Description
Titar Dal is an ideal summertime vegan and vegetarian classic Bengali Lentil Soup cooked with Moong Dal and bitter gourd- Uchhe or Korola
Ingredients
Scale
- 150g Sona Moong Dal aka Yellow Split Pea
- 4-5 Bitter Gourd
- 2 Green Chilies
- 4 Tbsp. Mustard Oil
- 4-5 cups Water
Spices
- 1.5 Tsp. Turmeric Powder
- 1.5 Tsp. Salt
Tempering
- 3 Dry Red Chili
- 1 Tsp. Cumin Seed
Instructions
- Take 150g Sona Moong Dal in a Kadhai and dry-roast the Dal till it changes color.
- It will take 5 minutes to roast the dal on low flame.
- The lentil will turn golden brown in color and will emit a nice smell.
- You must stir the lentil while roasting continuously to avoid burning.
- Once done, wash the Moong Dal under running water 2-3 times.
- Now transfer the Moong Dal to a Pressure Cooker.
- Add sufficient water to cover the Lentil.
- Add 1/2 Tsp. each of Salt, and Turmeric Powder as well.

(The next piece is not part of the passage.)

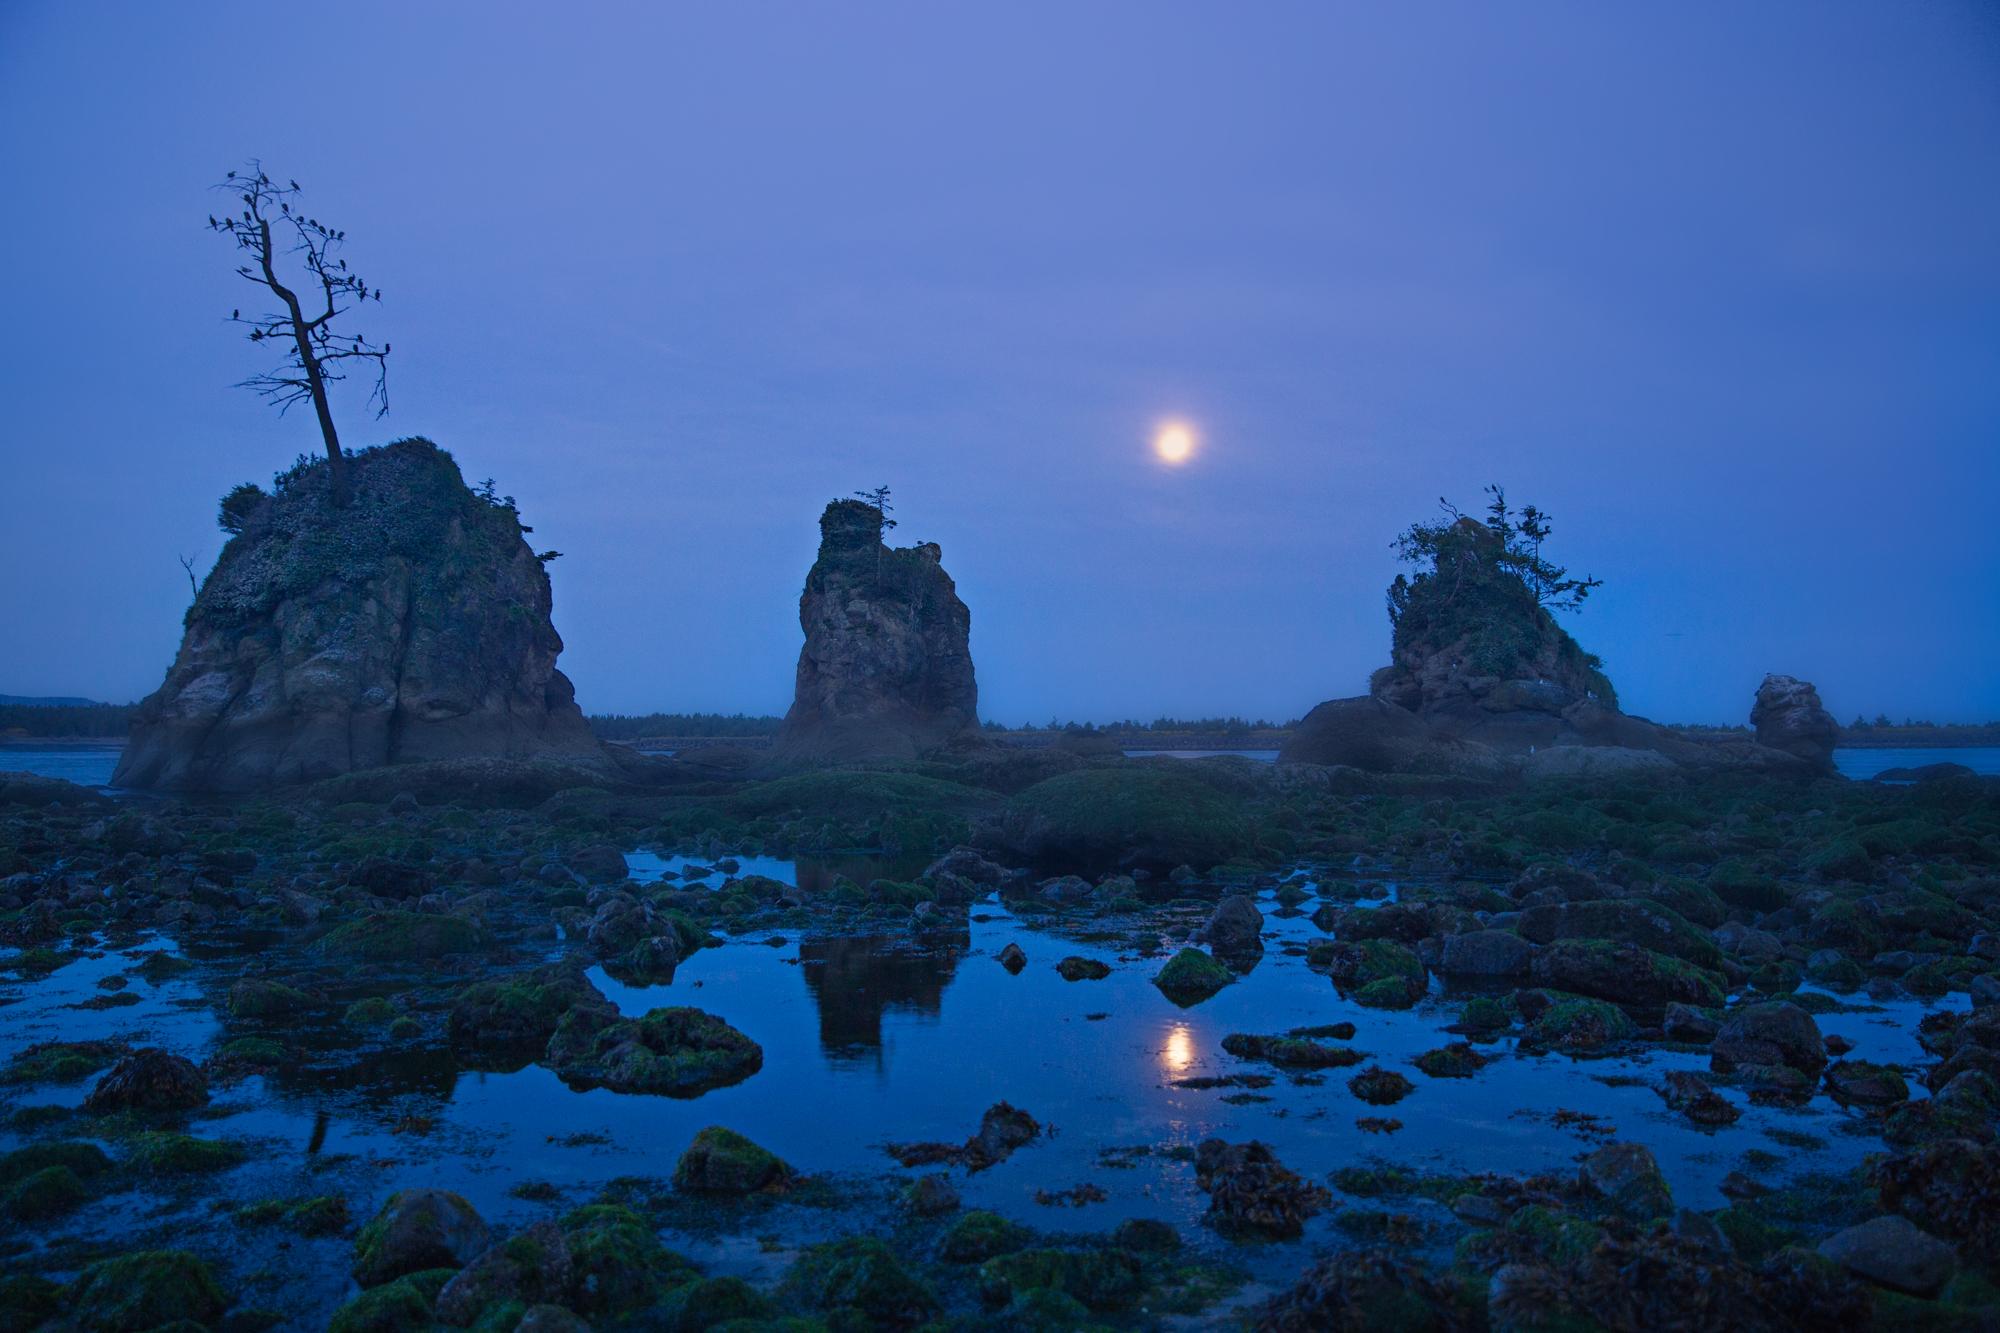 IMG_9770full moon by the sea stacks.jpg
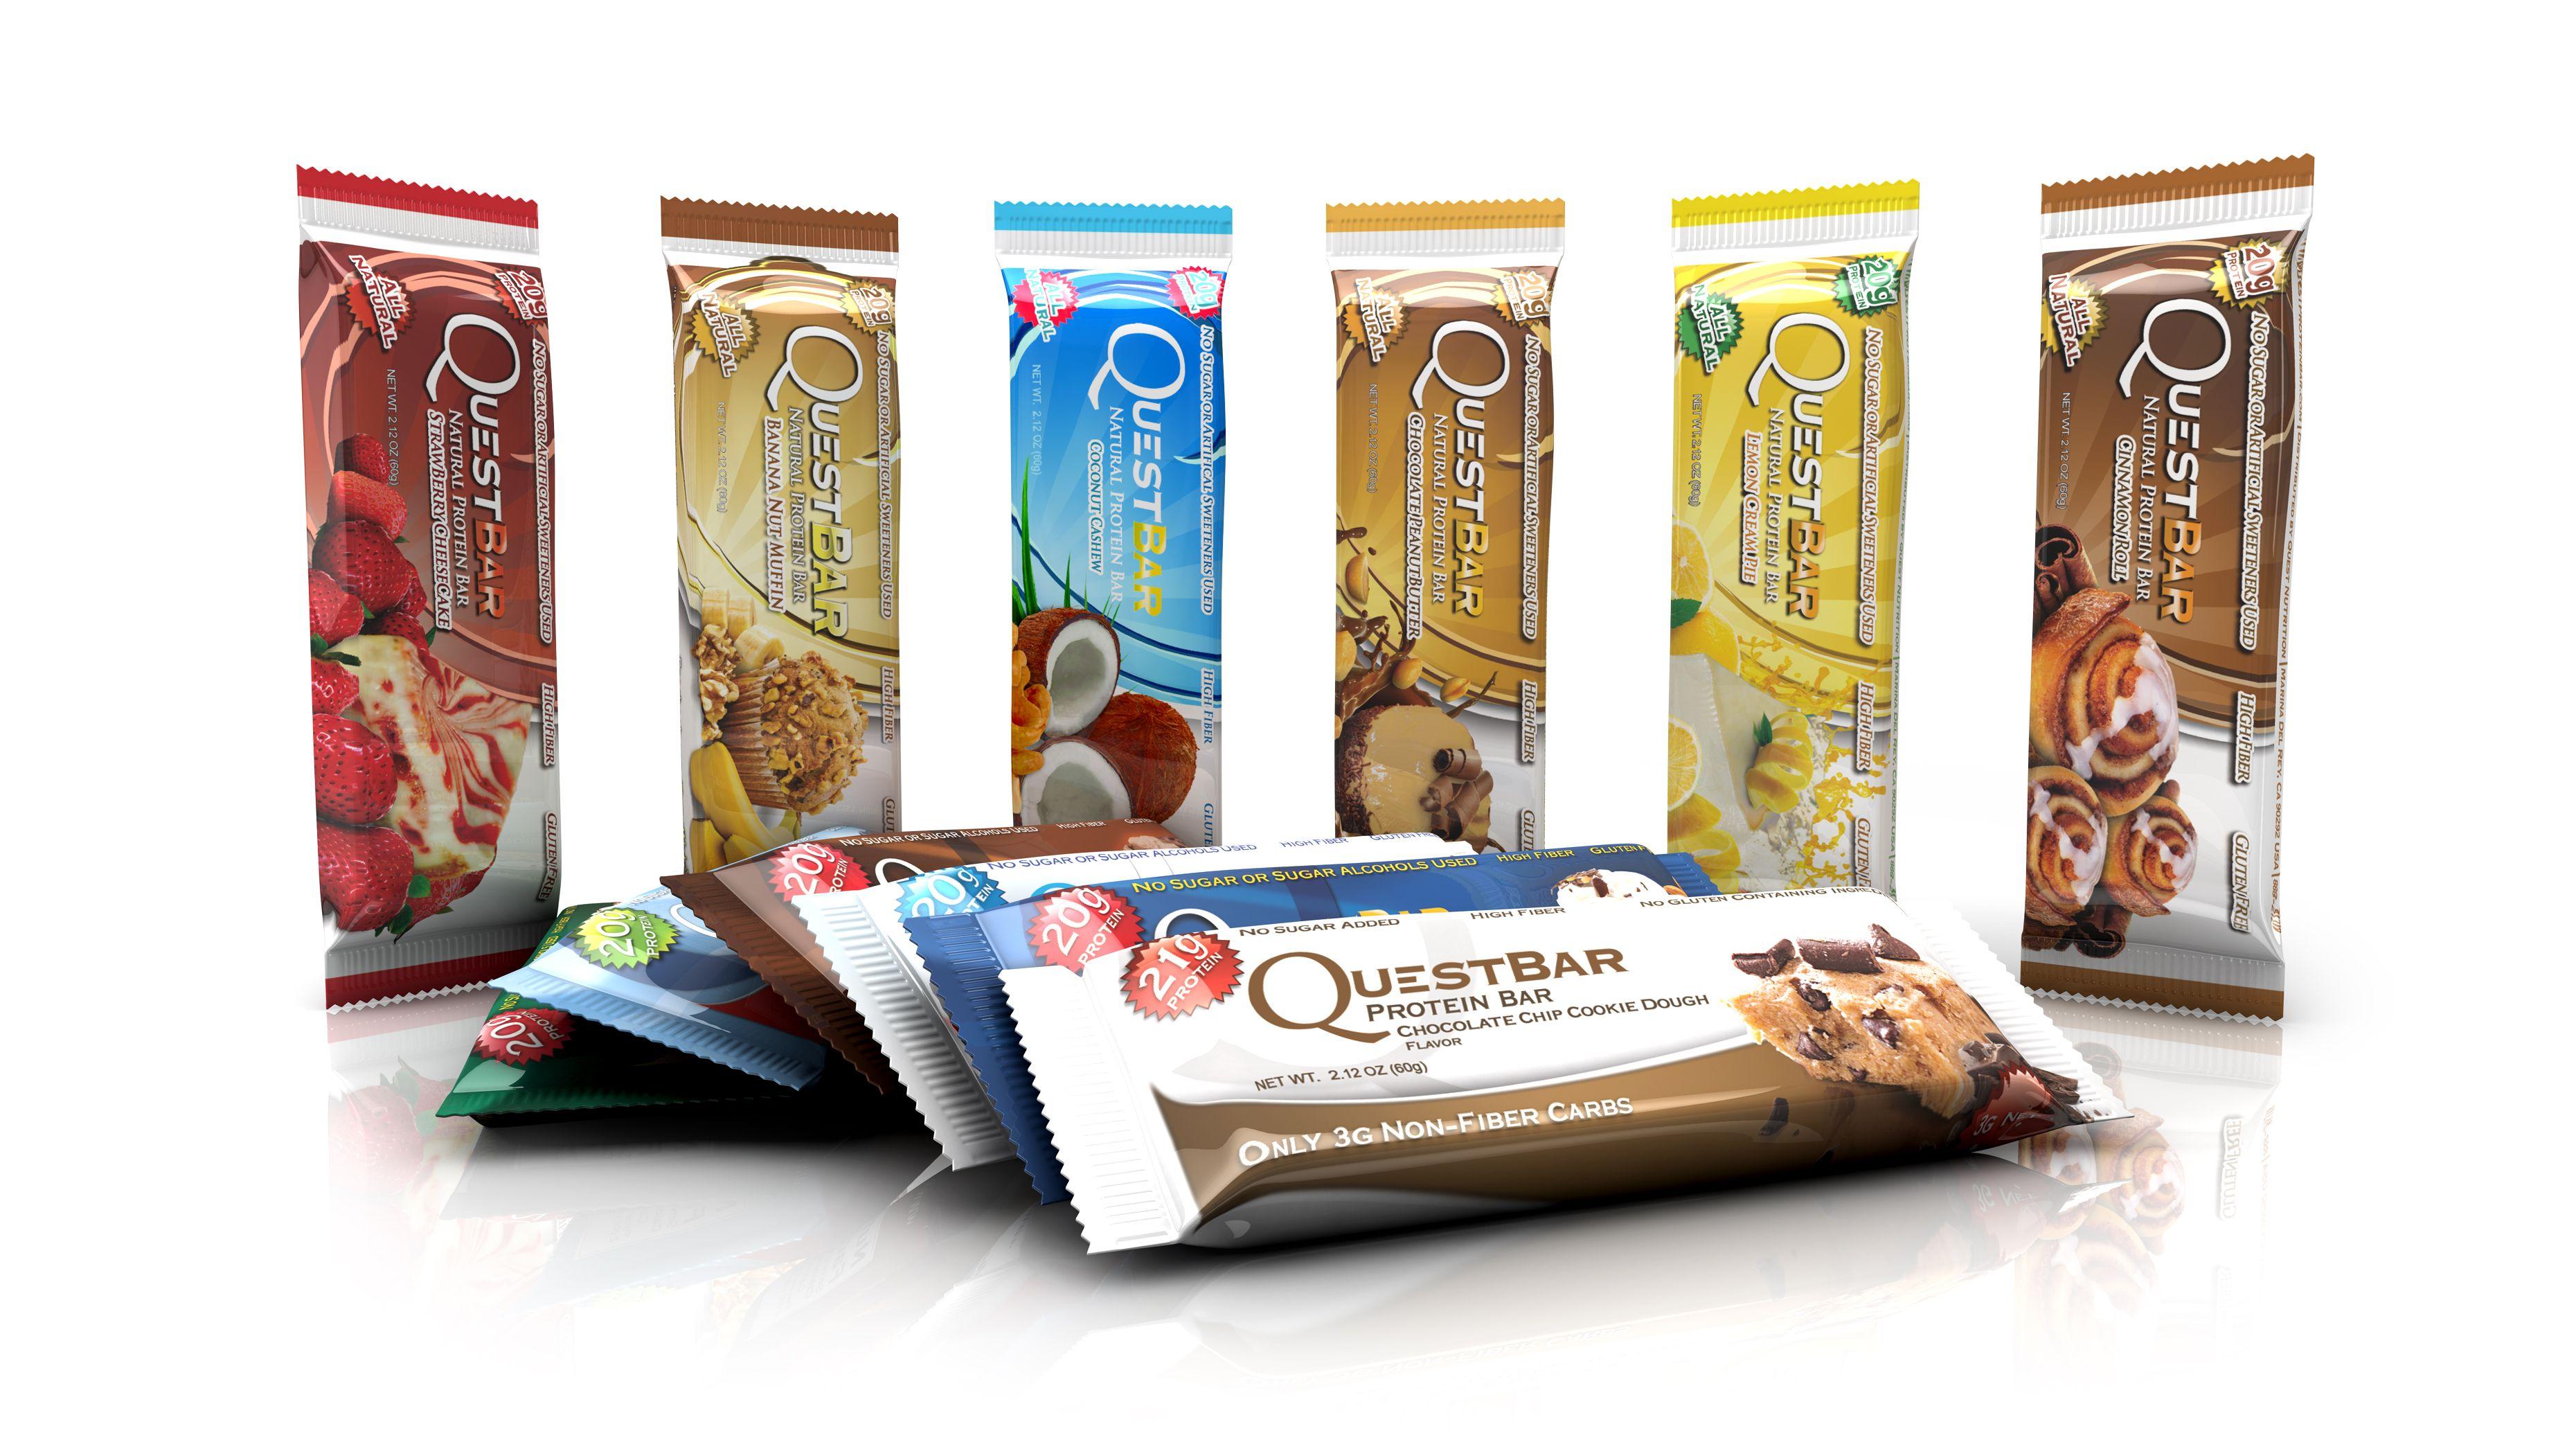 Quest bar proteínová tyčinka

- Now cover the pressure cooker with the lid and put the vent weight.
- Cook on low flame till the cooker releases pressure 2 times (2 whistles).
- Once the pressure has been released, open the lid and use your perfectly cooked dal.
- You can start the preparation for cutting the bitter gourd while the dal is boiling.
- Cut bitter gourd aka Karela into rings.
- Once done remove the seeds.
- Sprinkle 1/2 Tsp. each of Salt Sprinkle and Turmeric powder.
- Coat the bitter gourd rings properly with the spices.
- Heat 4 Tbsp. Mustard Oil in a pan till the oil changes color.
- Fry Bitter gourd in 3 batches keeping the flame lower.
- It will take 3-4 minutes to fry each batch of Uchhe/ Karela.
- I prefer to fry bitter gourd in small batches instead of frying those in one go.
- Once done strain the fried Karela from the pan and fry the remaining.
- Now temper the remaining oil in the pan with 3 Dry Red Chillies and 1 Tsp. Cumin Seed as well.
- Now add the boiled Dal.
- Mix the boiled moong dal with the tempering.
- Keep the flame low and add fried Bitter Gourd to the Dal.
- Adjust water if the dal is thick.
- Now add 2 Green chilis after breaking those.
- After a thorough mix, cook for 5 minutes on low flame.
- Serve the Dal hot with steamed Rice!
Notes
- Sona Moong Dal is the superior quality moong dal, smaller in size. If not available use normal moong dal.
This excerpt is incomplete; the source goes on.